# Need advice: Greenish tint in 6D photographs



## pedro (Sep 16, 2016)

Hi,

Bought my 6D this January. 
While shooting a few frames indoor today, I saw a greenish tint in some parts of the photographs at ISO 3200. 

Shot several frames, sometimes it appears, sometimes not. 

Depending a bit on exposure value it is visible more clearly. 

Sometimes it appears near the upper third of the frame, sometimes near the lower end.

What do you think? Is that a sensor error?

Thanks for your comments

Peter

Here's a few links to samples on my flickr account 


Bearbeitet-2866 by Peter Hauri, on Flickr



Bearbeitet-2867 by Peter Hauri, on Flickr



Bearbeitet-2872 by Peter Hauri, on Flickr



Bearbeitet-2871 by Peter Hauri, on Flickr


----------



## pedro (Sep 16, 2016)

Guess I found the answer...sorry for bothering you with this
http://photo.net/canon-eos-digital-camera-forum/00d1d2


----------



## privatebydesign (Sep 16, 2016)

Just to be clear, this has nothing to do with the 6D, it was because of your very high shutter speeds of 1/600-1/1000, all cameras will do it although some recent Canon cameras have an 'anti flicker' setting that will time your shot to coincide with the bright part of the lights pulse.

It is easy to avoid, just use a shutter speed that covers a full AC power pulse, a 1/50 sec will do anywhere in the world.


----------



## Corydoras (Sep 16, 2016)

You are using too high shutterspeed when photographing under flickering lighting. Some cameras (7D Mark II for example) can time the shutter opening so that your exposure happens during peak light in the flicker cycle. Since 6D doesn't have flicker prevention mode you must use a shutterspeed that is the same or loger than the speed the light is flicering.


----------



## tolusina (Sep 17, 2016)

Fluorescent lighting is green and that green shifts in pulses in sync with the A/C power cycle.

A shutter speed of 1/30 or slower eliminates the pulse issue by assuring that the shutter is open long enough to capture a complete cycle.

Your examples also show mixed lighting.
You can overcome that by manually setting white balance.
There are two ways to do that that I'm aware of;
One is to shoot a reference photo of a white or 18% grey object under the mixed lighting at 1/30 or less using the Custom WB setting.
The other is to manually set WB Kelvin temperature to taste using live view.

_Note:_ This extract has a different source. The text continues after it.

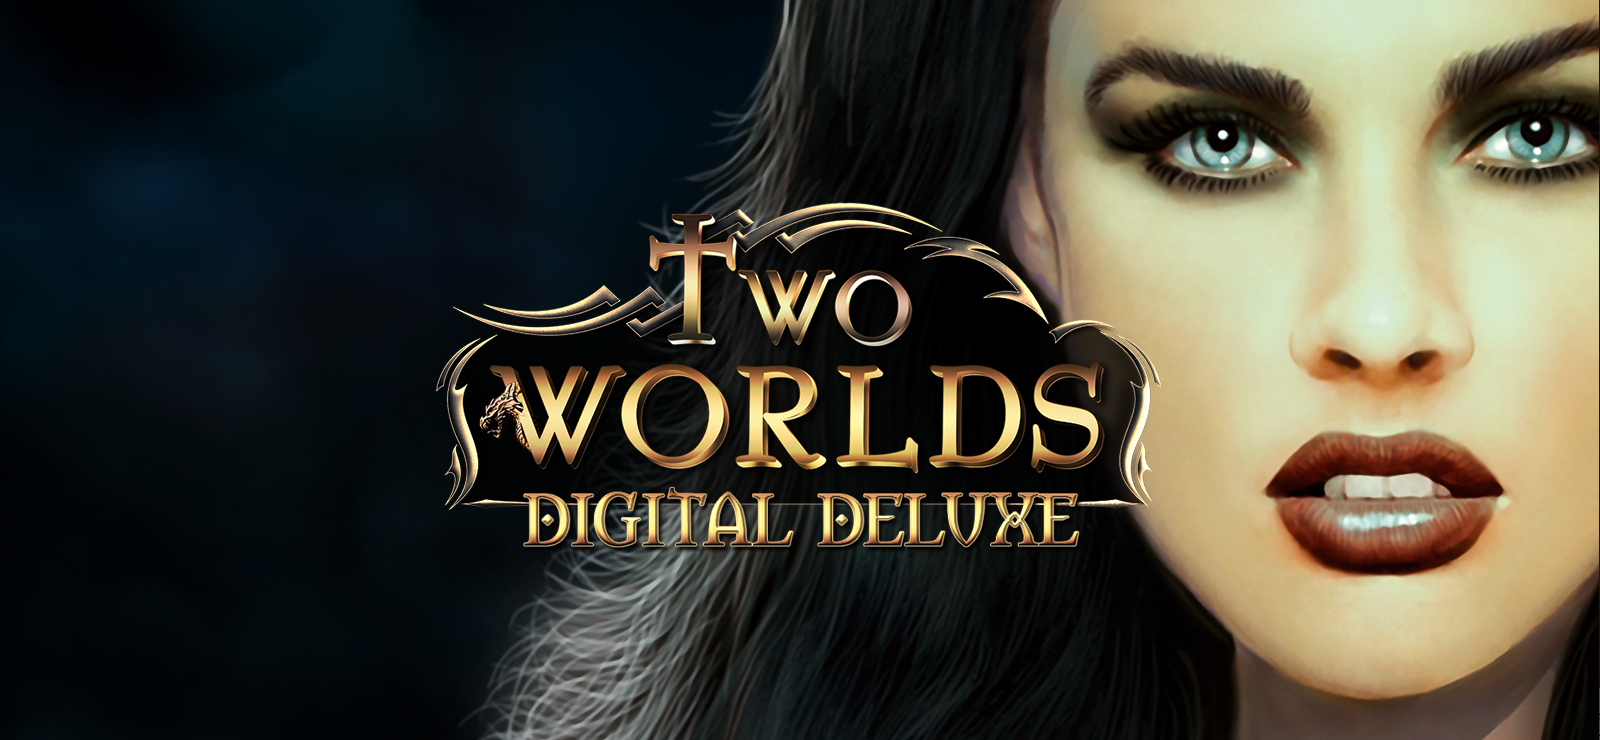 Two Worlds Digital Deluxe Content

If you've an area available for testing that is lit with a single fluorescent tube, experiment with different shutter speeds, auto, manual and custom WB settings.


----------



## Ozarker (Sep 17, 2016)

tolusina said:


> Fluorescent lighting is green and that green shifts in pulses in sync with the A/C power cycle.
> 
> A shutter speed of 1/30 or slower eliminates the pulse issue by assuring that the shutter is open long enough to capture a complete cycle.
> 
> ...



Or just set the white balance to fluorescent.


----------



## pedro (Sep 17, 2016)

Thank you all, for taking your time, issue is resolved.


----------



## tolusina (Sep 18, 2016)

CanonFanBoy said:


> Or just set the white balance to fluorescent.

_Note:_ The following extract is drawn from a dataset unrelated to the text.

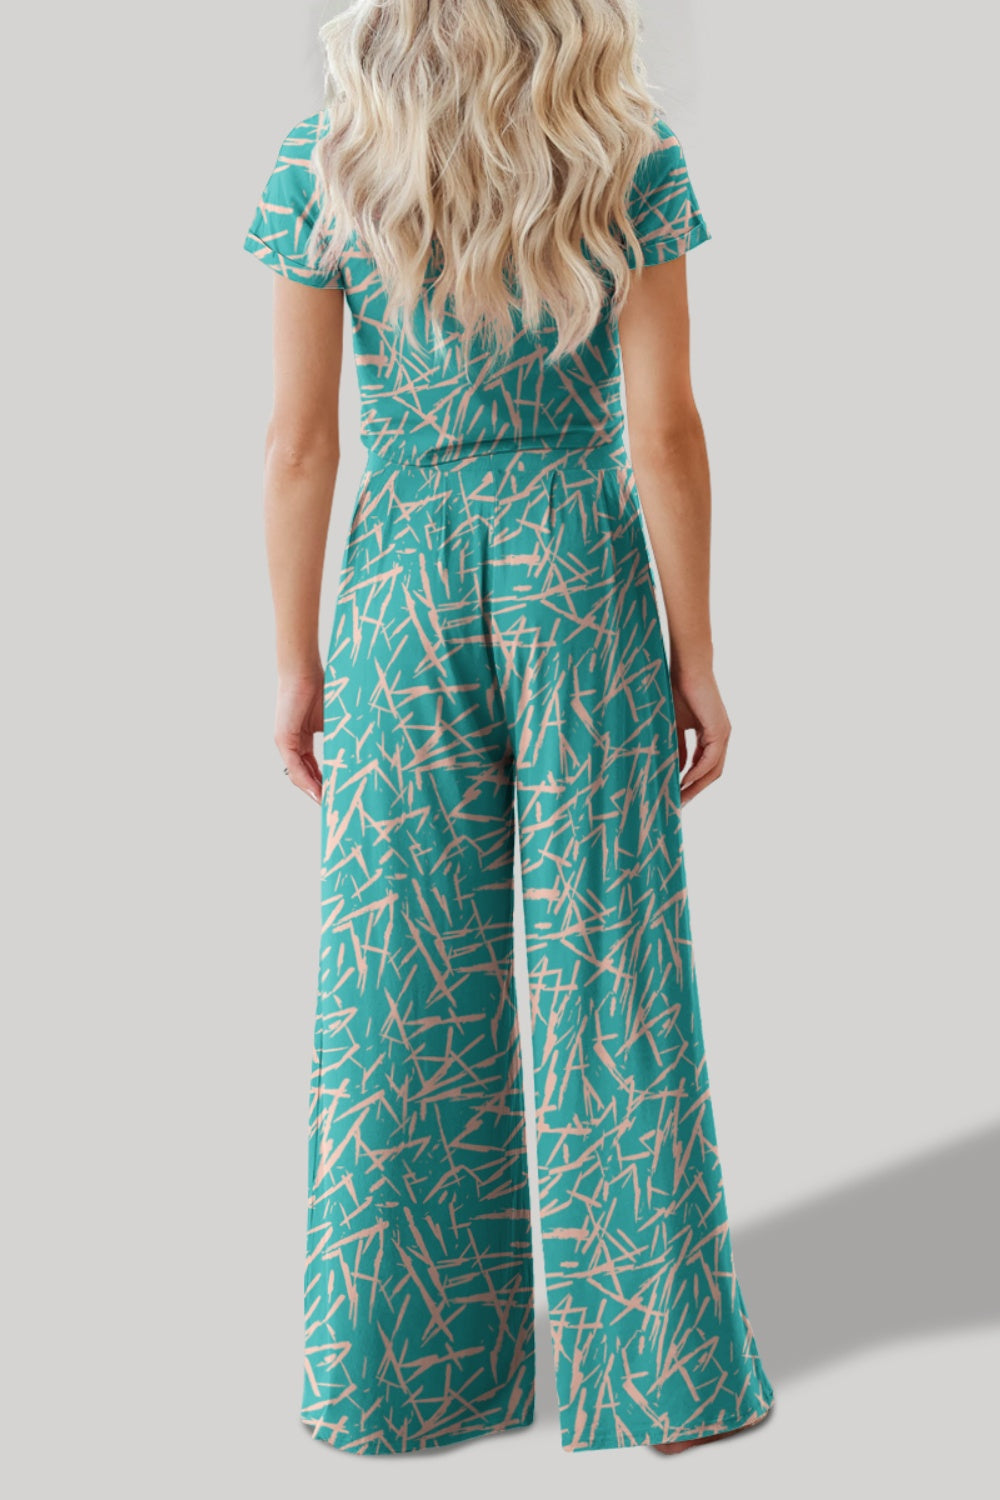 Chic teal printed top and pants set. Versatile, comfortable, and perfect for any occasion. Stand out with effortless style

Does that work in mixed lighting conditions as seen in the OP's samples?


----------



## privatebydesign (Sep 18, 2016)

tolusina said:


> CanonFanBoy said:
> 
> 
> > Or just set the white balance to fluorescent.
> ...



No.


----------



## Ozarker (Sep 20, 2016)

tolusina said:


> CanonFanBoy said:
> 
> 
> > Or just set the white balance to fluorescent.
> ...



Don't know. How mixed is it?


----------



## tolusina (Sep 20, 2016)

CanonFanBoy said:


> tolusina said:
> 
> 
> > CanonFanBoy said:
> ...


As mixed as shown in the OP's samples posted in the first post of this very thread.


----------



## Ozarker (Sep 21, 2016)

tolusina said:


> CanonFanBoy said:
> 
> 
> > tolusina said:
> ...


 I can't count the tubes or "bulbs".


----------



## tolusina (Sep 21, 2016)

CanonFanBoy said:


> tolusina said:
> 
> 
> > CanonFanBoy said:
> ...


Do _you_ need to do that? 
I don't.


----------